▸ Work item:
Exactly the lines from the line that has "McDonnell Douglas MD-11" through the final line below are to be retyped, and the pictures are not.

▸ Dataset excerpt:
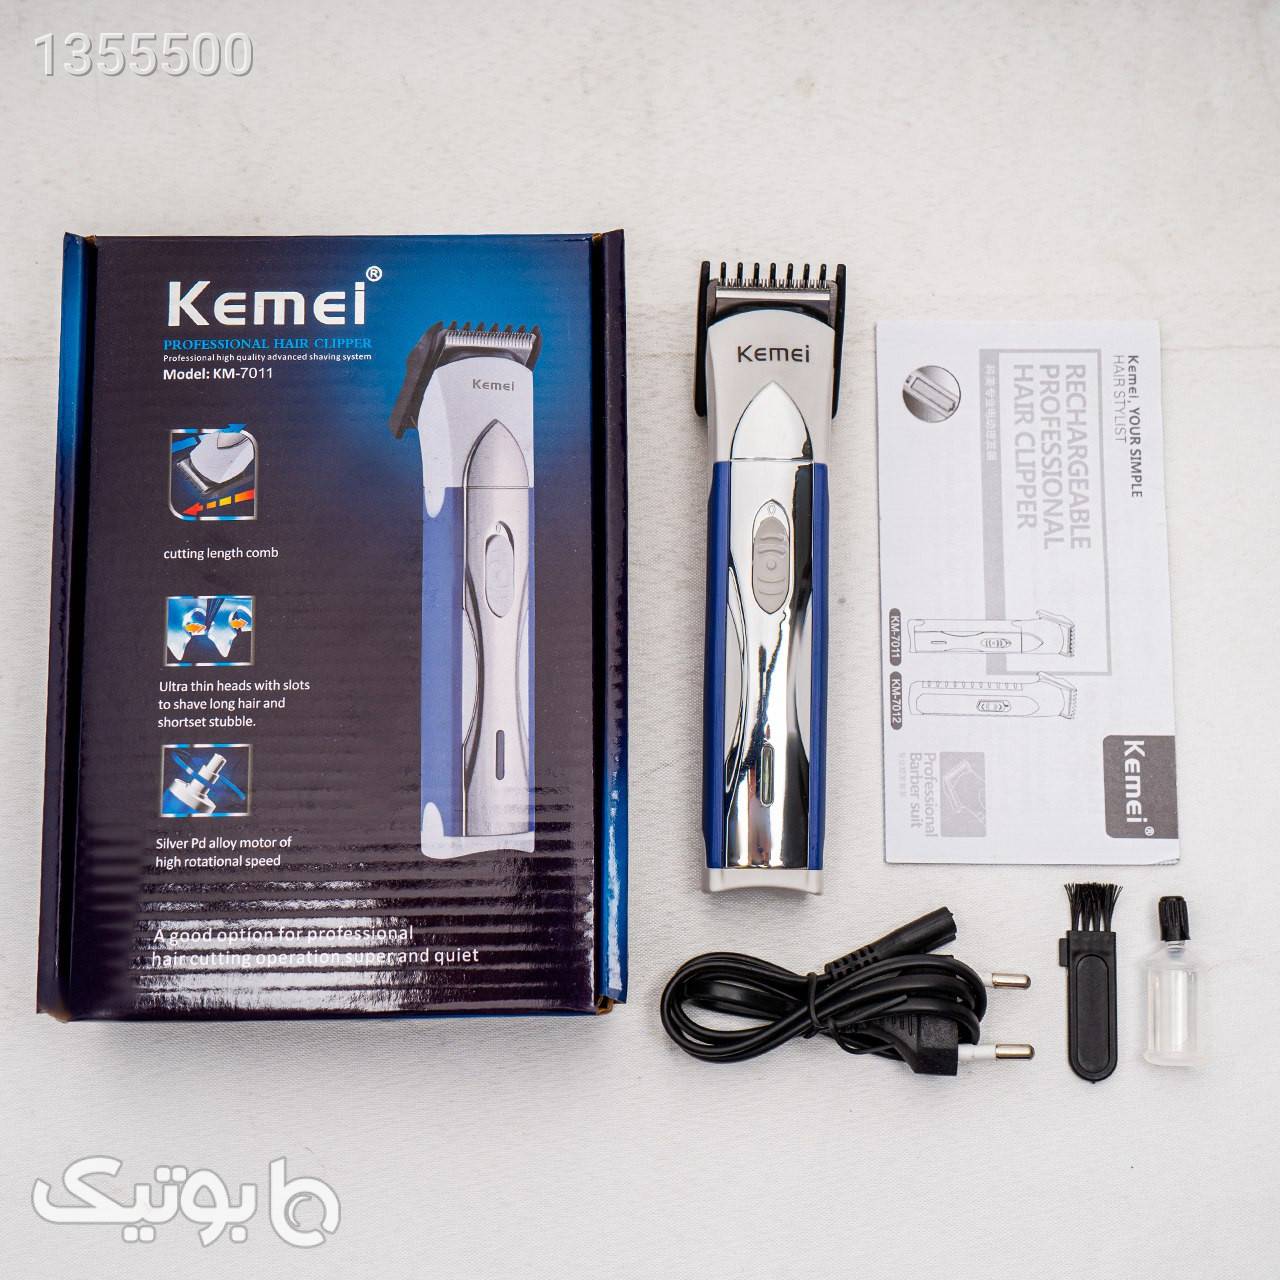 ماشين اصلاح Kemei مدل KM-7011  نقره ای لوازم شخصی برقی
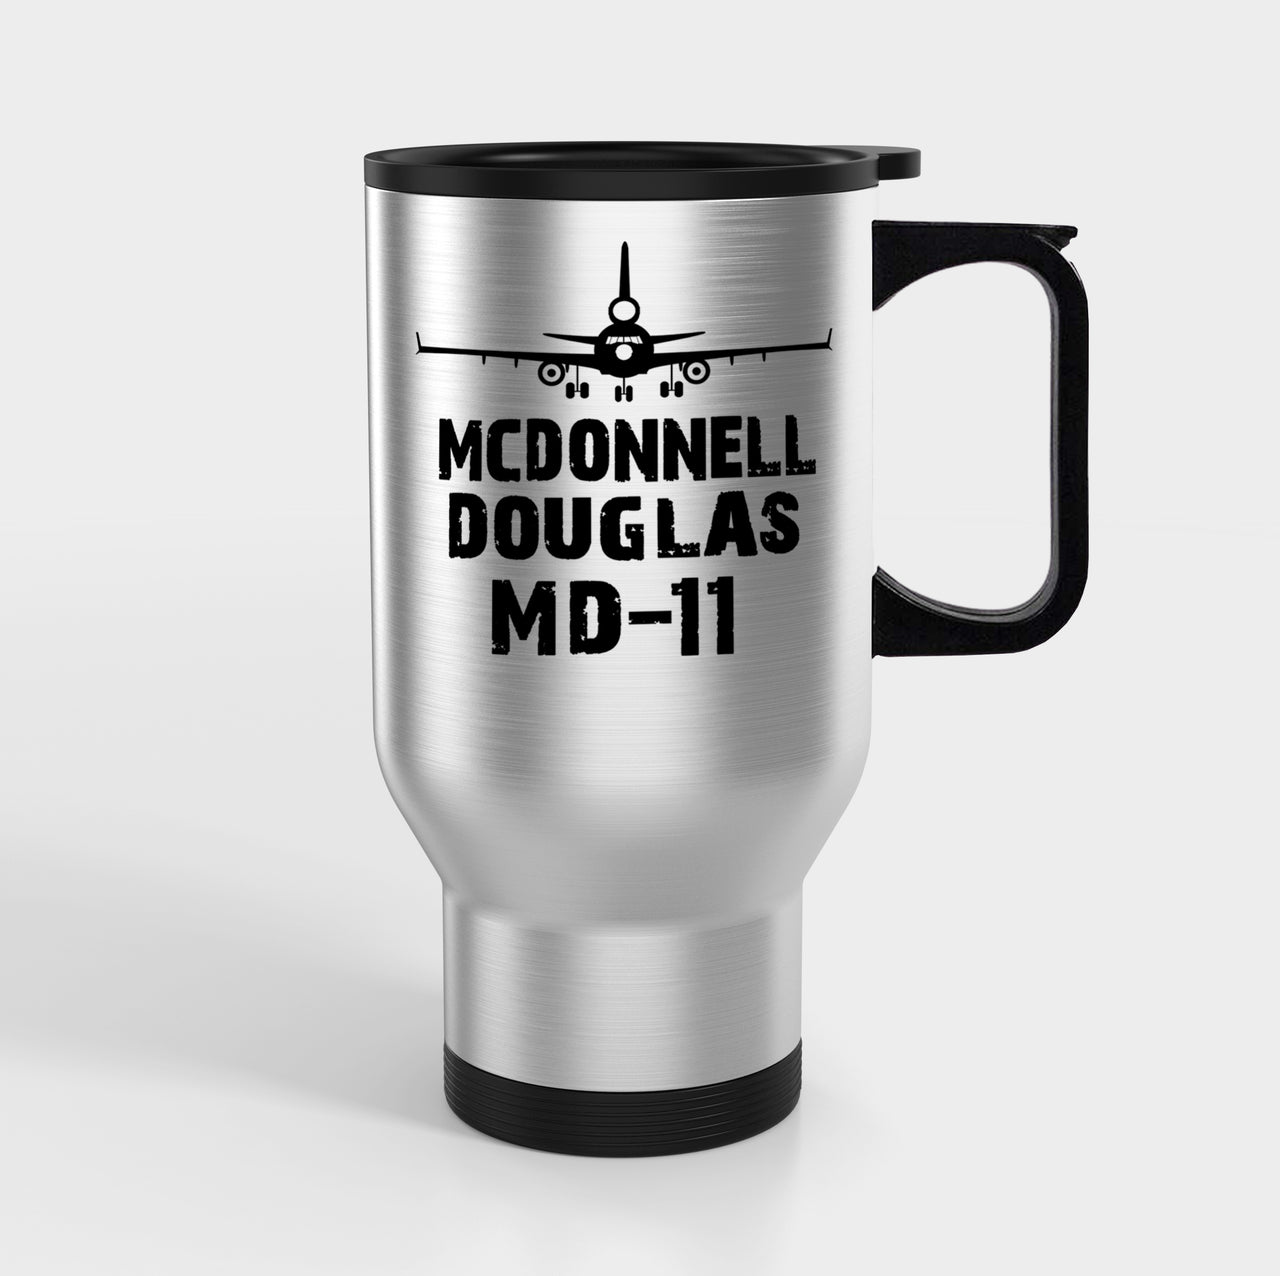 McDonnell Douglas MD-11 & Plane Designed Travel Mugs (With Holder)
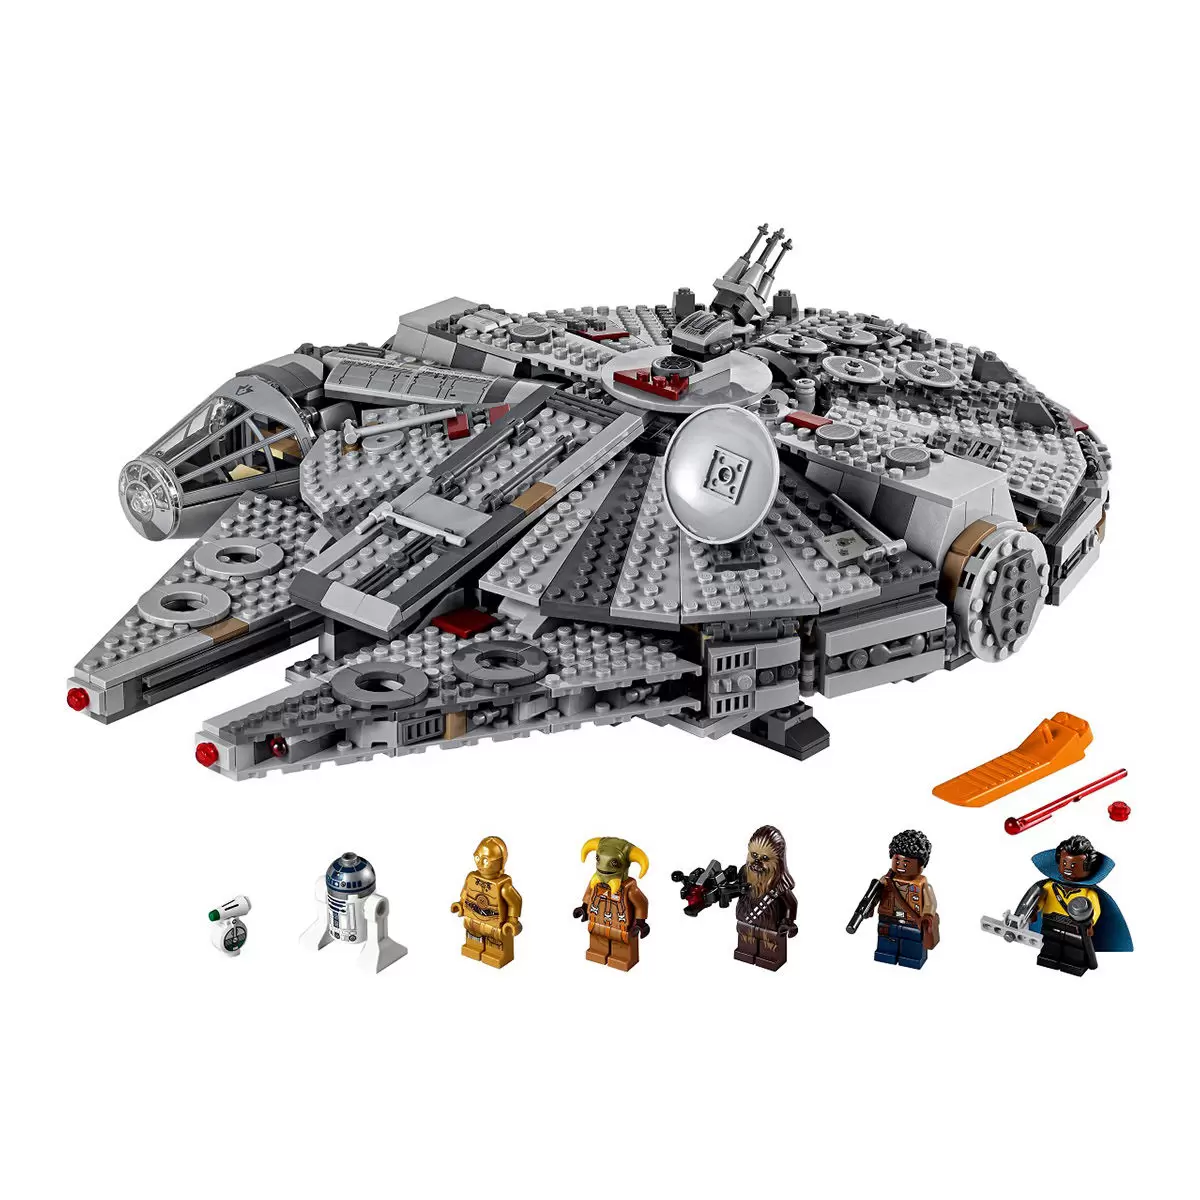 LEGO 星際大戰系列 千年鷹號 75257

▸ Response for this exercise:
 McDonnell Douglas MD-11 & Plane Designed Travel Mugs (With Holder)
 LEGO 星際大戰系列 千年鷹號 75257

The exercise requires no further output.